The assignment is to position the numbers 1 to 12 in such a way that the sum of all lines of four balls is 26 and the sum of all the 6 points of the star is 26 as well.
This comes down to:
(A+C+F+H==26)
(A+D+G+K==26)
(B+C+D+E==26)
(B+F+I+L==26)
(E+G+J+L==26)
(H+I+J+K==26)
(A+B+E+H+K+L==26)
So I started programming a program that would loop through all options brute forcing a solution. The loop is working, however, it now shows solutions where one number is used more than once, which is not allowed.
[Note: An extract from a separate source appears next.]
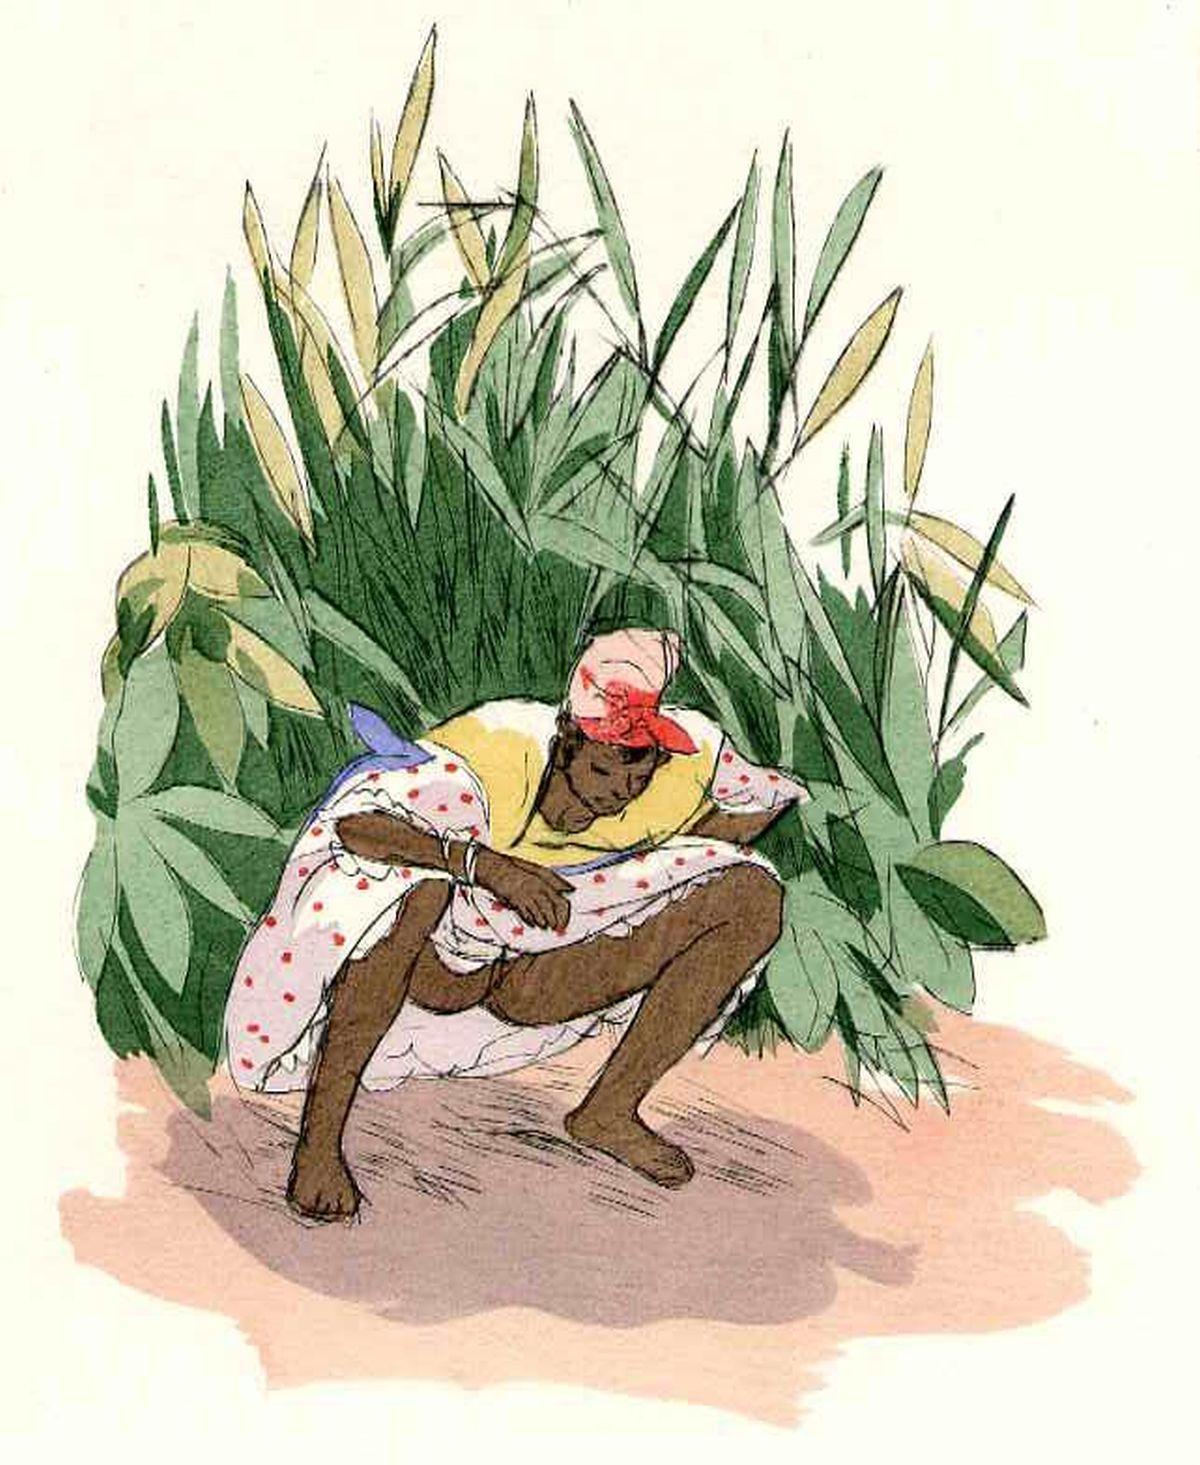 Charles Auguste Edelmann - SICH ERLEICHTERNDE CREOLIN - Die Heissen Nächte im Cap 1936 - Handcolorierte OriginalRadierung kopen? Bied vanaf 79!

How can I make it in the code that it also checks whether all variables are different or not?
if ((A!= B != C != D != E != F != G != H != I != J != K != L)
I tried the above, but it doesn't work, because it says:
incomparable types: boolean and int.
How can I make a check within 1 or a small statement for whether or not all the numbers are different?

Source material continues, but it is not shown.